The implementation of security and traceability procedures is also, in itself, a process of continuous improvement.

Therefore, you are welcome to conduct company compliance diagnostics or audits. You can then act on an ad hoc basis based on the impact assessment. In some respects, it may be wise to turn to some support.

The limits of encryption

Upstream encryption is recommended, especially for payment procedures or financial transactions such as Pci-Dss protocols. But it can be very tedious for some organizations. It can be time-consuming and cumbersome for high-volume, low-information historical databases (such as newsletter recipient files). It is not consistently recommended as this may be disproportionate in some contexts.

Minimization, anonymization and pseudonymization

The application of the principle of minimization allows to expose less data by collecting only the data that is really useful and necessary in the context of the stated purpose.

We should not focus on technical mapping, but on identification, the right to identity in a limited space, and qualification. “Can we keep this data? Yes, if we can’t do otherwise.”

Anonymization, which is irreversible, is a good approach under the law, if it is necessary to enclose strong confidentiality, while pseudonymisation (allowing backtracking) remains debatable, even if it is legally valid. But again, the processes are tedious and expensive if done afterwards.

Right to information and deletion

The right to information, which is also the right to question, must also remain a concern, “in a proactive dynamic way.”

The obligation to delete or purge raises the question of how long the data should be kept, which depends on its nature and on the contractual commitments or general conditions.

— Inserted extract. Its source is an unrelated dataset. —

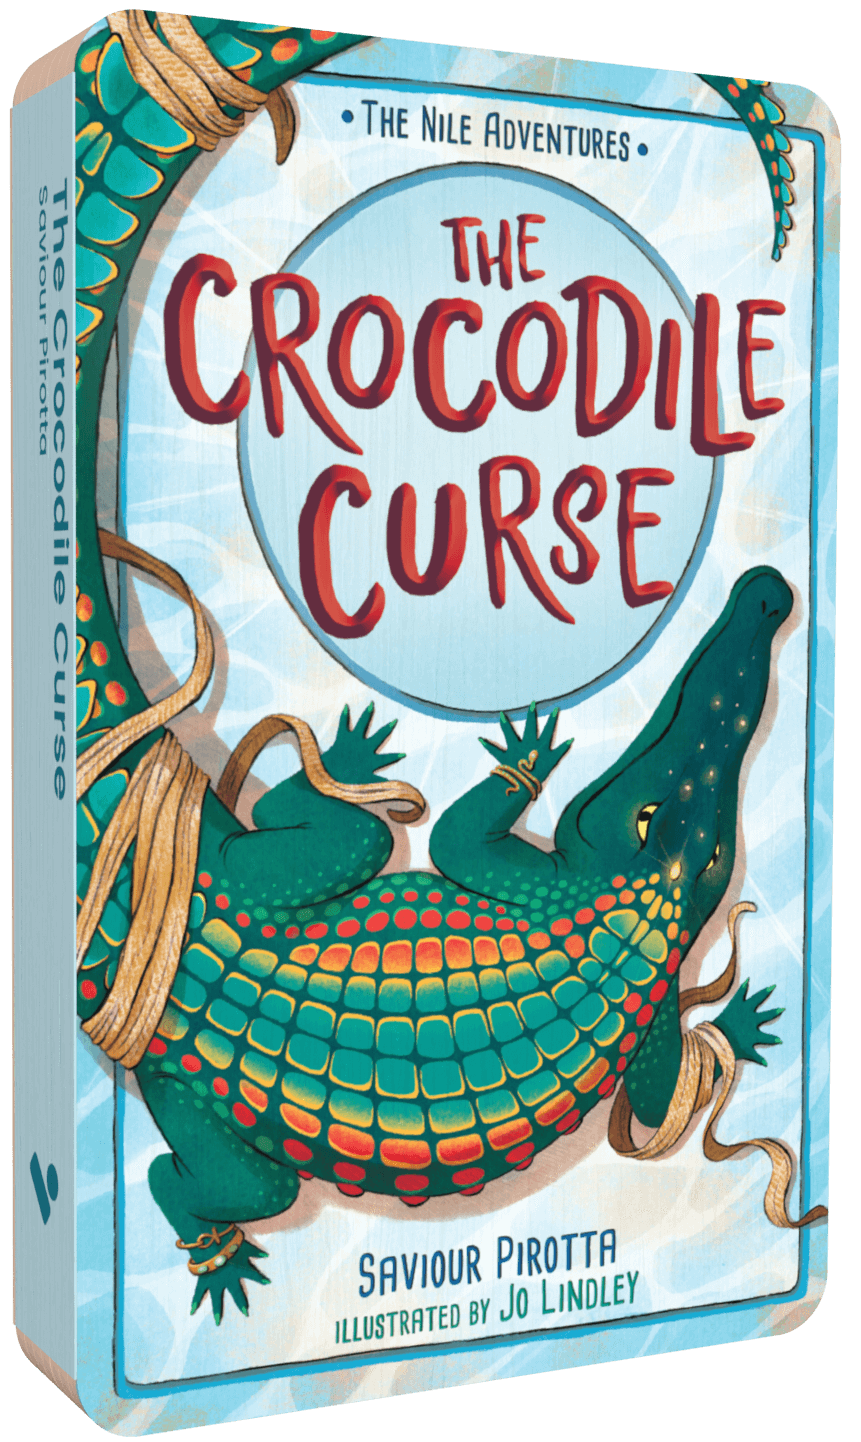 The Crocodile Curse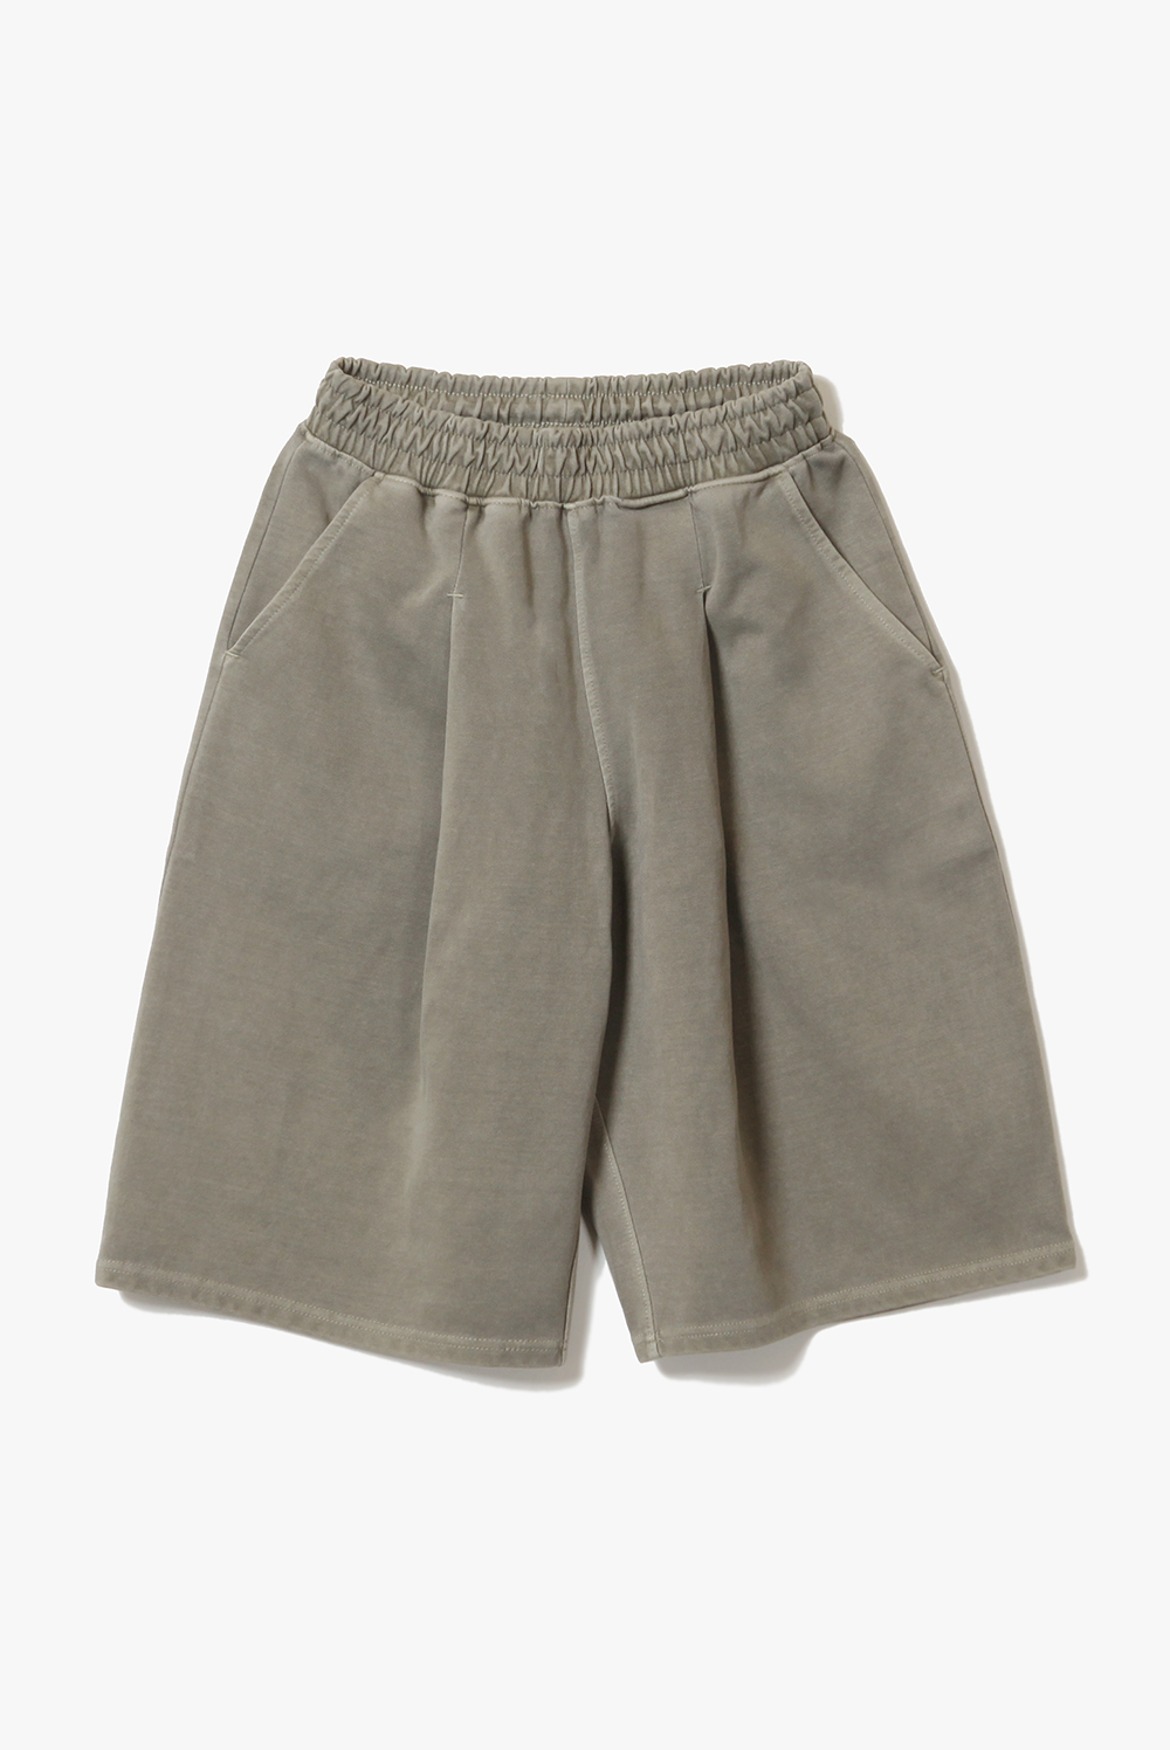 Deep One Tuck Pigment Sweat Shorts [Khaki]

So there is an impact on the action. This chapter also raises questions about the duty of memory, the right to history, but it also refers to freedom of the press, which aims to preserve the memory of events.

Long-term, jurisprudence and readjustments …

On the balance sheet, GDPR compliance is an ongoing process. The GDPR regulation is an inflation of articles, twenty more, compared to the 1978 law, that is, 99 articles, which are introduced by 173 ‘recitals’ with the greatest number of possible interpretations. However, nothing is clear enough, but litigation cases will focus on certain points.

Finally, we observe that what is at stake is global and frontal. The legal principle is the most important part of GDPR, however, it is not a question of freedom but of dignity and respect for the dignity of people.